Sol Cestoの戦略の核心は「歯(Teeth)」だ。名前だけ聞くと意味不明だし、ビジュアルもかなり不気味。でもこのシステムこそが、Sol Cestoを「ただの運ゲー」から「確率操作ゲー」に変えている要素だ。
ダンジョンを進めていくと、石像が置かれた特別な部屋にたどり着くことがある。この石像から「歯」を引き抜くことができる。引き抜いた歯はそのランの間ずっと効果を発揮する。歯には大きく分けて2種類ある。
石の歯(Stone Teeth)——確率そのものをいじる
石の歯は、グリッド上のタイル出現確率を直接変える。「宝箱の出現率+10%」「毒タイルの出現率-15%」「モンスターの出現率+20%」といった効果がある。
ポイントは、確率の操作にはトレードオフがあること。ある種類のタイルの出現率を上げると、別の種類が下がる。完全に自分に有利な盤面を作ることはできない。「宝箱を増やしたいなら、モンスターも増える」「罠を減らしたいなら、回復も減る」——こういった取捨選択が、石の歯の組み合わせに戦略性を生んでいる。
複数の石の歯を組み合わせると、盤面の確率分布がどんどん偏っていく。「宝箱特化ビルド」なら宝箱の出現率を最大限まで上げて、ゴールドを大量に稼ぐ。「戦闘特化ビルド」ならモンスターの出現率を意図的に上げて、倒すたびにステータスを強化していく。ビルドの方向性によって、同じダンジョンがまったく違う体験になる。

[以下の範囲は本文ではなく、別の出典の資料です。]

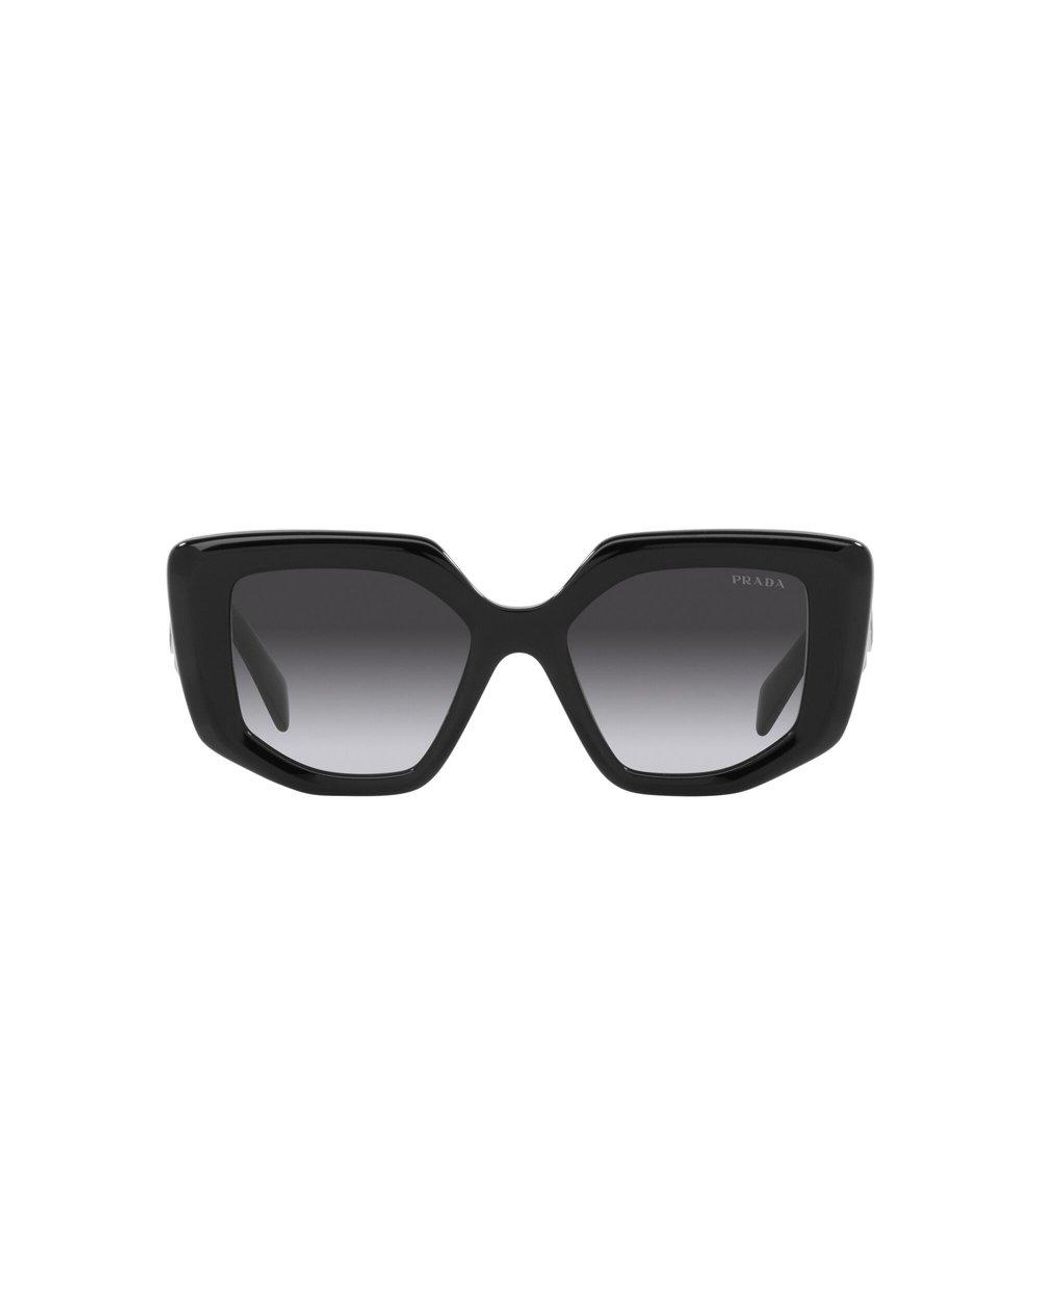 Prada Eyewear in Black | Lyst

金属の歯(Metal Teeth)——条件付きの強力な効果
金属の歯は、特定の条件が満たされたときに発動する特殊効果を持つ。「モンスターを3体連続で倒したらHP回復」「宝箱を開けるたびに攻撃力+1」「同じ列で2回連続でタイルを踏んだら追加報酬」のような、パッシブスキルに近い効果だ。
金属の歯は石の歯よりも効果が派手で、うまくシナジーが噛み合うと爆発的なパワーを発揮する。ただし「呪い」に近い副作用を持つものもあって、リスクとリターンの天秤がさらにシビアになる。
たとえば「モンスターを倒すたびに攻撃力が上がるが、HPの最大値が下がる」という歯がある。序盤で取ると自殺行為だが、ステータスが十分に育った中盤以降なら凶悪な火力ソースになる。こういった「いつ取るか」「どの組み合わせで使うか」の判断が、Sol Cestoのビルド構築の奥深さを生んでいる。
Balatroのジョーカー、Slay the Spireのレリックとの類似性
Steamレビューで「Balatroのジョーカーシステムに近い中毒性がある」と書いている人がいたが、筆者もその感覚は分かる。シンプルなルールの上に、歯というカスタマイズレイヤーが乗ることで、奥行きが一気に深くなる。
Slay the Spireのレリックとも近い。レリックはランの方向性を決めるパッシブアイテムで、どのレリックを取るかでデッキの組み方が変わる。Sol Cestoの歯も同じで、どの歯を取るかでグリッドとの向き合い方が変わる。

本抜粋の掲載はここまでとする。